By analyzing existing cross correlation between AEye Inc and PLAYSTUDIOS, you can compare the effects of market volatilities on AEye and PLAYSTUDIOS and check how they will diversify away market risk if combined in the same portfolio for a given time horizon. You can also utilize pair trading strategies of matching a long position in AEye with a short position of PLAYSTUDIOS. Check out your portfolio center. Please also check ongoing floating volatility patterns of AEye and PLAYSTUDIOS.

Diversification Opportunities for AEye and PLAYSTUDIOS

-0.09
  Correlation Coefficient

Good diversification

The 3 months correlation between AEye and PLAYSTUDIOS is -0.09. Overlapping area represents the amount of risk that can be diversified away by holding AEye Inc and PLAYSTUDIOS in the same portfolio, assuming nothing else is changed. The correlation between historical prices or returns on PLAYSTUDIOS and AEye is a relative statistical measure of the degree to which these equity instruments tend to move together. The correlation coefficient measures the extent to which returns on AEye Inc are associated (or correlated) with PLAYSTUDIOS. Values of the correlation coefficient range from -1 to +1, where. The correlation of zero (0) is possible when the price movement of PLAYSTUDIOS has no effect on the direction of AEye i.e., AEye and PLAYSTUDIOS go up and down completely randomly.

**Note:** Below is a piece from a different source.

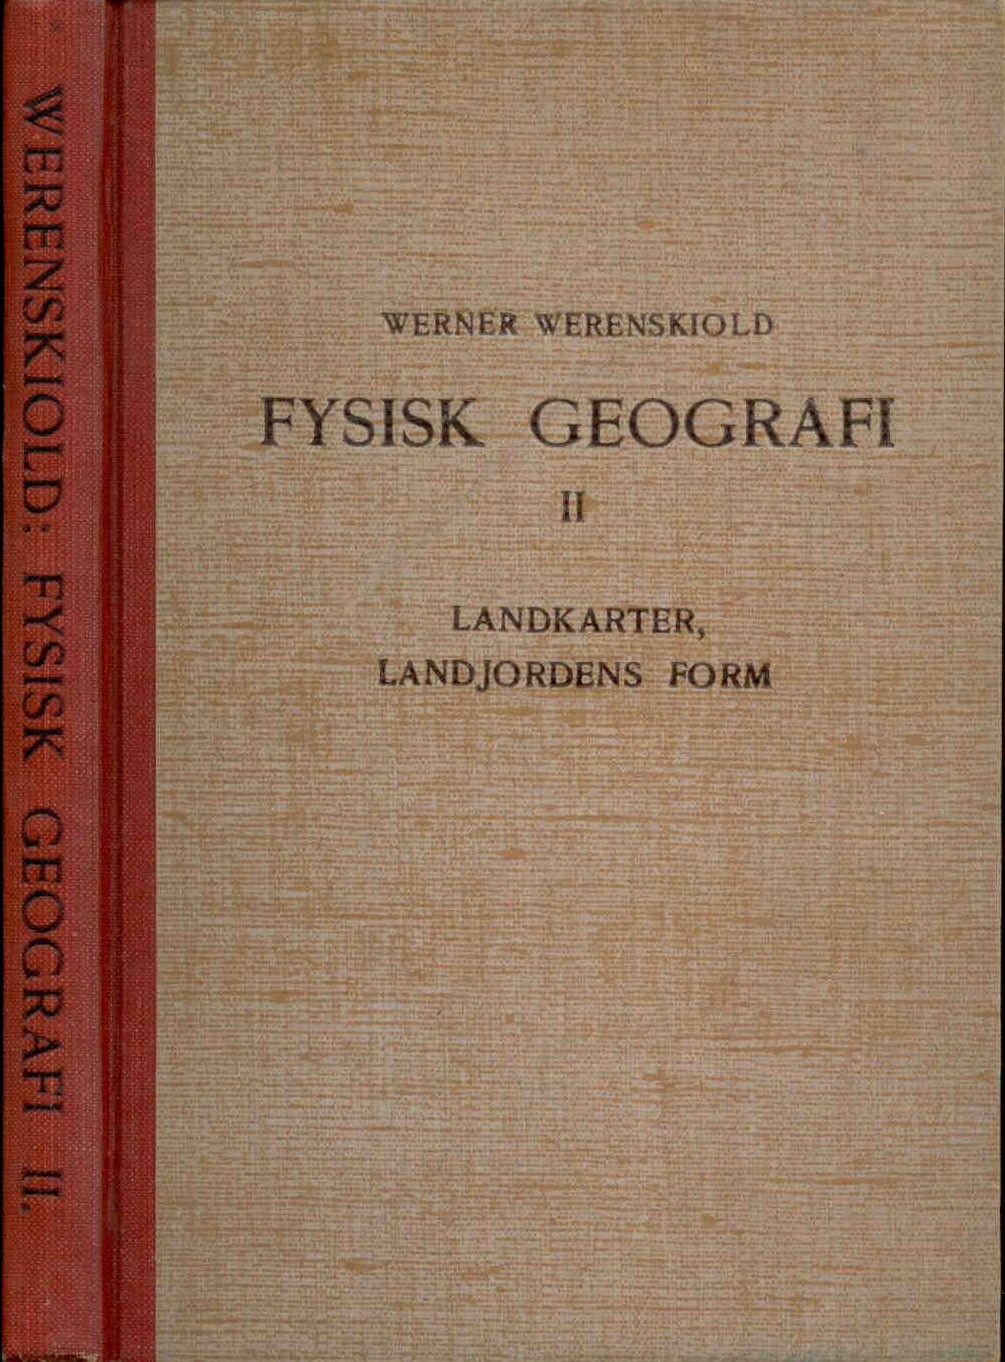 Werenskiold W.: Fysisk geografi. II. Landkarter, landjordens form.

Pair Corralation between AEye and PLAYSTUDIOS

Assuming the 90 days horizon AEye Inc is expected to generate 2.28 times more return on investment than PLAYSTUDIOS. However, AEye is 2.28 times more volatile than PLAYSTUDIOS. It trades about 0.11 of its potential returns per unit of risk. PLAYSTUDIOS is currently generating about 0.01 per unit of risk. If you would invest  5.20  in AEye Inc on September 12, 2024 and sell it today you would lose (4.00) from holding AEye Inc or give up 76.92% of portfolio value over 90 days.
Time Period3 Months [change]
DirectionMoves Against 
StrengthInsignificant
Accuracy100.0%
ValuesDaily Returns

AEye Inc  vs.  PLAYSTUDIOS

 Performance 
       Timeline  
AEye Inc 

Risk-Adjusted Performance

8 of 100

 
Weak
 
Strong
OK
Compared to the overall equity markets, risk-adjusted returns on investments in AEye Inc are ranked lower than 8 (%) of all global equities and portfolios over the last 90 days. In spite of fairly abnormal basic indicators, AEye showed solid returns over the last few months and may actually be approaching a breakup point.
PLAYSTUDIOS 

Risk-Adjusted Performance

6 of 100

 
Weak
 
Strong
Modest
Compared to the overall equity markets, risk-adjusted returns on investments in PLAYSTUDIOS are ranked lower than 6 (%) of all global equities and portfolios over the last 90 days. In spite of fairly abnormal basic indicators, PLAYSTUDIOS showed solid returns over the last few months and may actually be approaching a breakup point.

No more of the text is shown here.